A 2018 report by the Ontario Human Rights Commission found that between 2013 and 2017, Black people were 20 times more likely than white people to be killed in a shooting by TPS, and that civilians with mental health concerns made up a third of TPS’ use-of-force incidents. This pattern is part of a national crisis—in 2020 alone, there were nine fatal police shootings that began as wellness checks. Data released by the police this year confirms that racialized people, especially Black and Indigenous people, are disproportionately subject to use of force and strip searches by the police.

“We heard in consultation that folks didn’t feel safe calling into 911,” says Saige McMahon, who leads one of the four TCCS pilot projects happening in the city. “Even just based off the experience they’ve had when they have called police, or when police have been called on them.”

In a collaboration between 2-Spirited People of the 1st Nations, ENAGB Indigenous Youth Agency, and the Parkdale Queen West Community Health Centre, McMahon’s team runs the city’s downtown west pilot, also known as Kamaamwizme wii Naagidiwendiiying, which means “coming together to heal, look after and take care of each other” in Anishinaabemowin.

The program responds to calls for mental health support from the downtown west 24 hours a day, every day of the week, and additionally specializes in providing traditional and culturally relevant forms of support for Indigenous callers.

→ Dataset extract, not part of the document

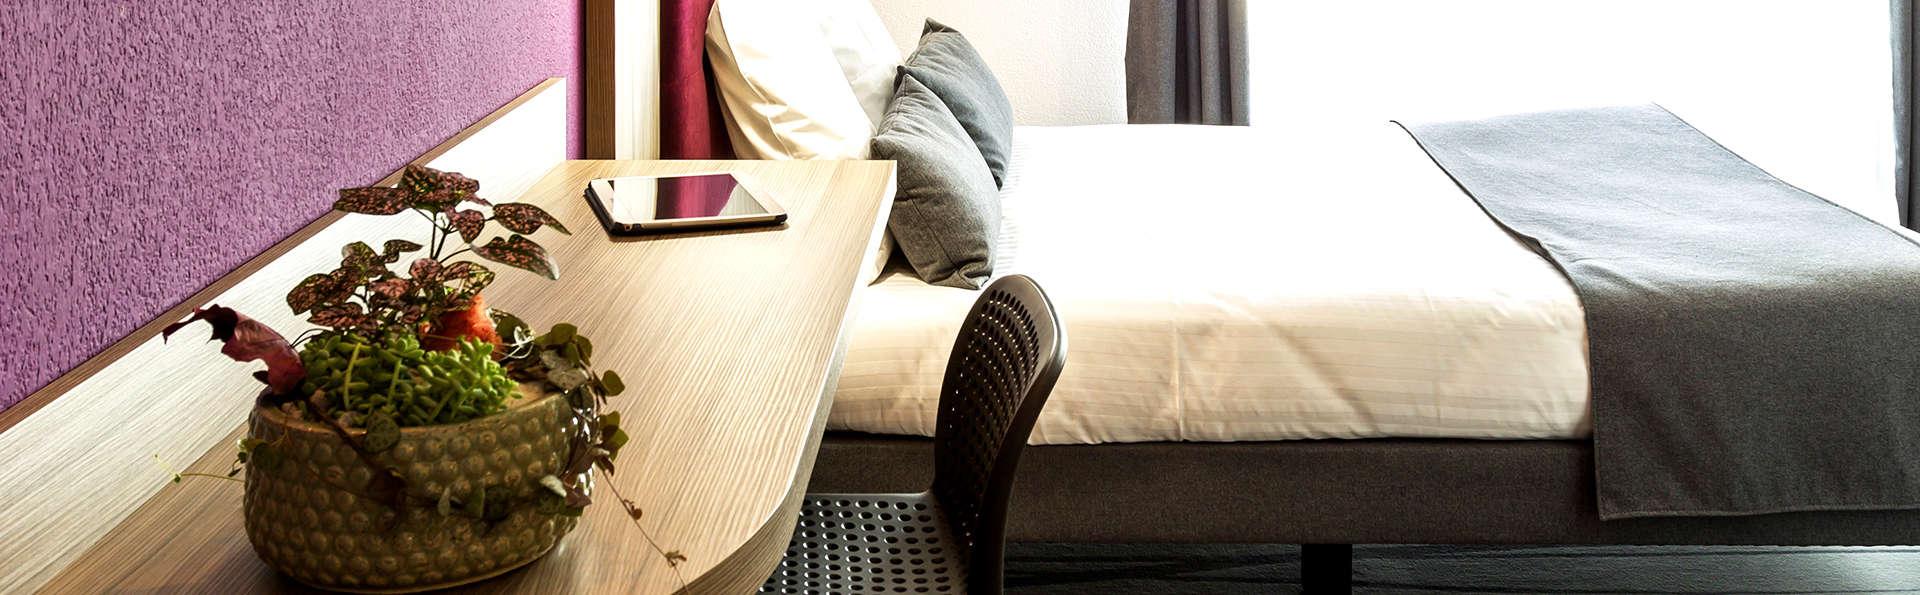 Nemea Appart'hotel Résidence le Stadium - EDIT_NEW_ROOM4.jpg

When someone calls 911 from within their boundaries for support in a mental health intervention, they’re asked whether they’d like to be redirected to 211, the helpline specializing in providing community supports and resources. People can also call 211 directly. From there, McMahon’s team decides whether they’re able to attend, and members of the team are dispatched in groups of two or four, providing support alongside essential needs like food, water, adequate clothing, and options for shelter. The person in crisis has the option to join their case management system, which provides longer term support.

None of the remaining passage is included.